- Born: Arlyn Sharon Dunetz December 31, 1944 (age 81) New York City, U.S.
- Other name: Heart Phoenix
- Occupation: Activist
- Spouses: ; John Lee Bottom ​ ​(m. 1968; div. 1997)​ ; Jeffrey Weisberg ​ ​(m. 2001)​
- Children: River; Rain; Joaquin; Liberty; Summer;

= Arlyn Phoenix =

American activist

Arlyn Sharon Phoenix (born December 31, 1944), commonly known as Heart Phoenix, is an American social activist and mother of actors River, Rain, Joaquin, Liberty, and Summer Phoenix.

== Early life ==
Arlyn Phoenix was born on December 31, 1944, in The Bronx, New York City, the daughter of Margaret (née Lefkowitz; 1916–1998) and Meyer Dunetz (1910–1996). Arlyn was raised with her two sisters, Rhoda and Merle (Sun). Her mother's family was from Hungary, and her father's family was from Russia. Although Arlyn's family was Jewish and celebrated the Jewish culture and holidays, they did not attend synagogue.

== Adult life ==
Arlyn Phoenix left New York in 1968 and moved to California, where she met her future husband John Lee Bottom (1947–2015).

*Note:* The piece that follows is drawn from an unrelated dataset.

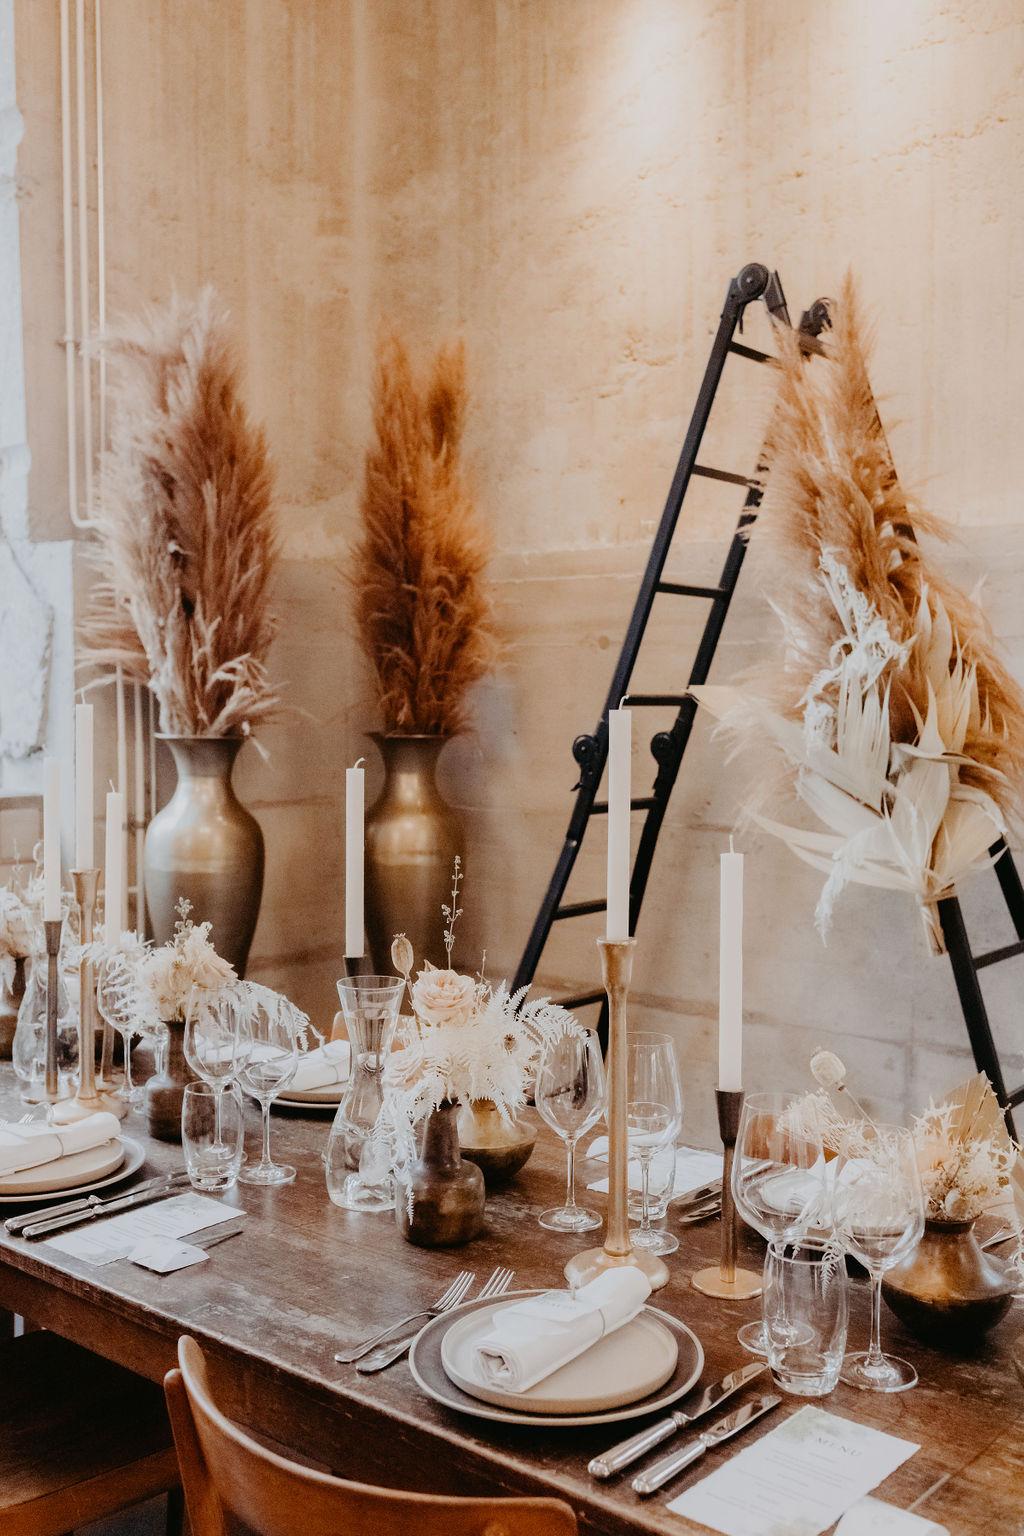 Tischdekoration und Raumdekoration

They traveled together along the West Coast, picking fruit and vegetables along the way, and their first son River was born August 23, 1970.

Soon after their first daughter Rain was born in 1972, they joined the religious group The Children of God and toured Mexico, Puerto Rico, and South America as missionaries of the cult for several years. It was during this time that their son and daughter Joaquin and Liberty (Libertad) were born. Arlyn and John renamed themselves for a brief period, taking the biblical names Jochebed and Amram, respectively.

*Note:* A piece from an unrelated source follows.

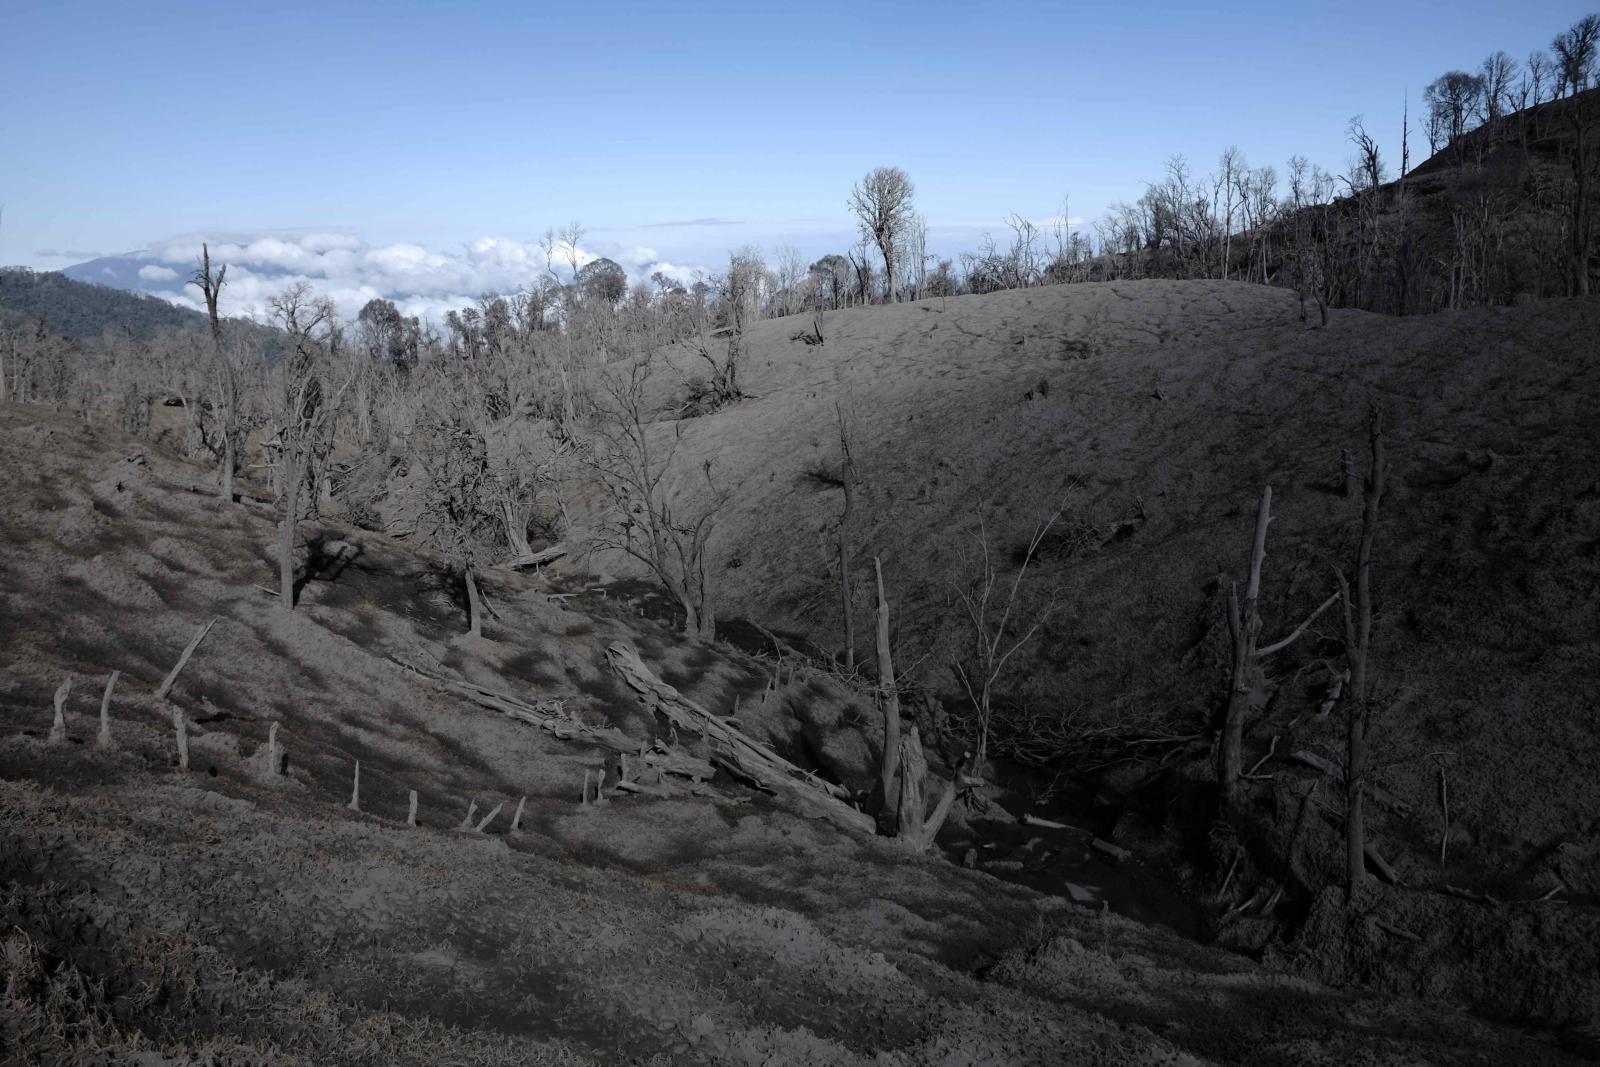 Krajobraz zniszczony przez pył pochodzący z wulkanu Turrialba w Kostaryce.

The couple eventually grew disillusioned with the Children of God and left in 1977. Arlyn later stated that she and her husband were opposed to the cult's increasingly distorted rules, particularly the practice of flirty fishing. They returned to the U.S. in late 1977 and lived in Winter Park, Florida, where Arlyn gave birth to her youngest child, Summer. Around this time, they legally adopted the surname Phoenix (Arlyn later changed her first name to Heart in 1988) and began to embrace veganism as their new diet and lifestyle.

The parents took their five children and headed back to California, where Arlyn got a job as an executive secretary for NBC. She later hired an agent, Iris Burton, who eventually got all of her children acting work. John and Arlyn divorced in 1997. She is now married to her second husband, Jeffrey Weisberg.

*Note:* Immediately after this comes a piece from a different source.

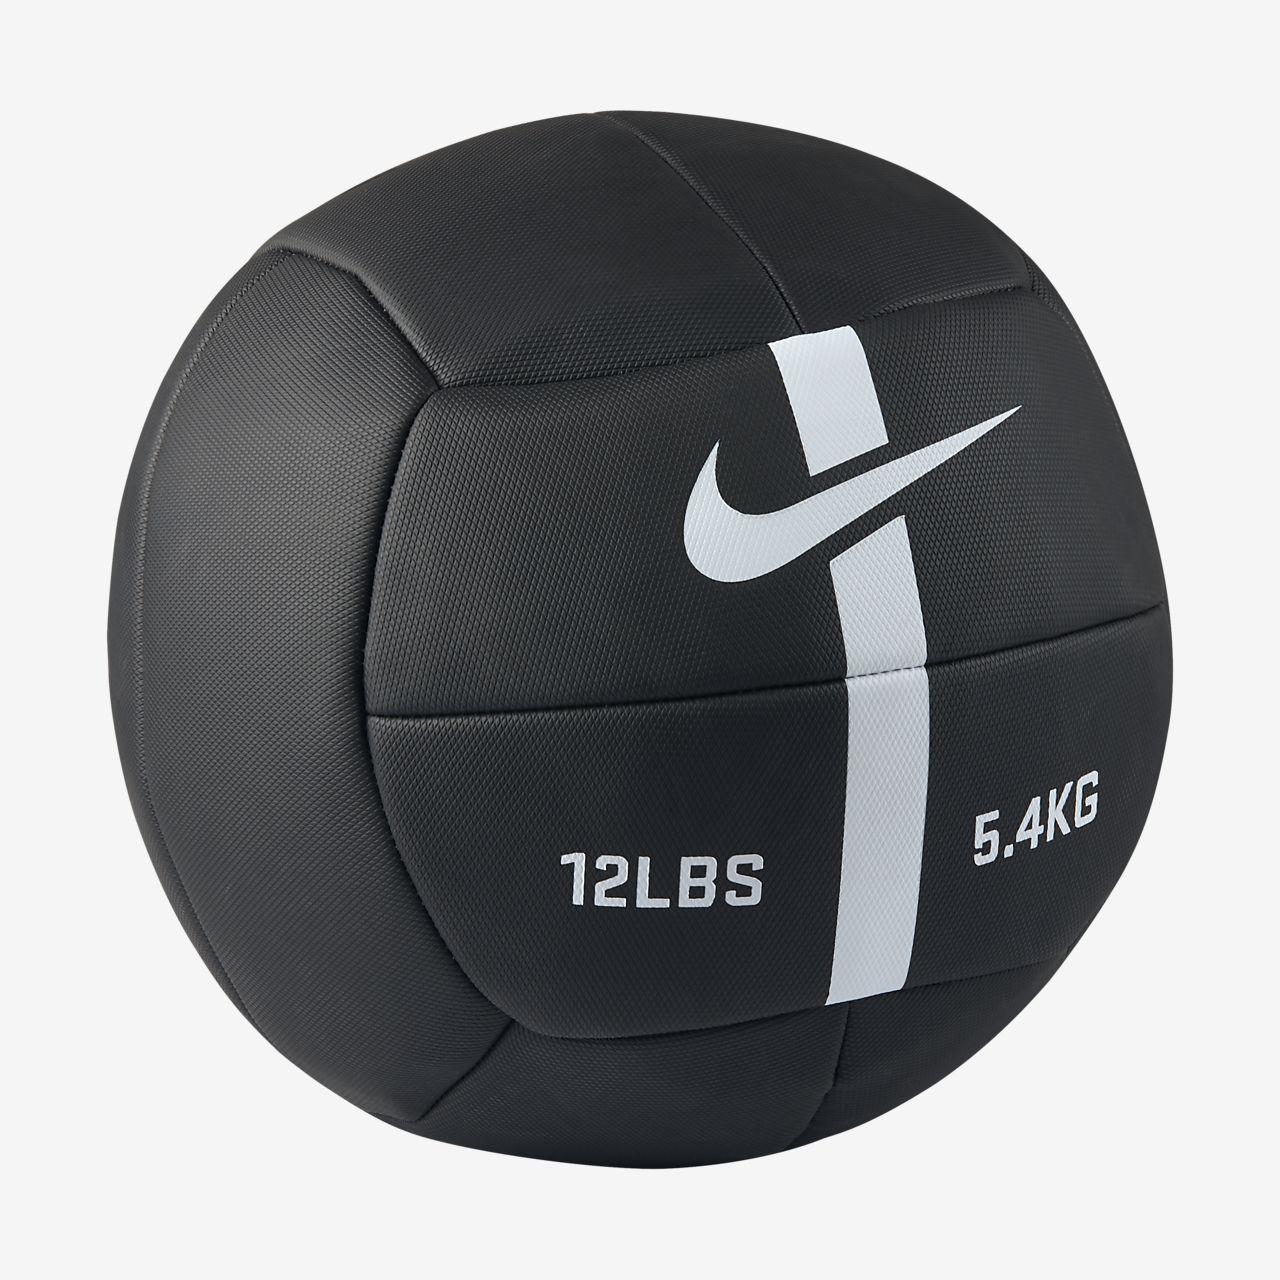 Balón de entrenamiento de fuerza Nike 5,4 kg

Phoenix was the executive director of The Florida School of Traditional Midwifery for five years, one of 10 accredited direct entry midwifery schools in the country.

In 2012, she co-founded the non-profit organization River Phoenix Center for Peacebuilding which provides and promotes the best practices and principles of peacebuilding and global sustainability.

She is on the Board of Directors of Peace Alliance, an organization which supports the creation of a United States Department of Peace.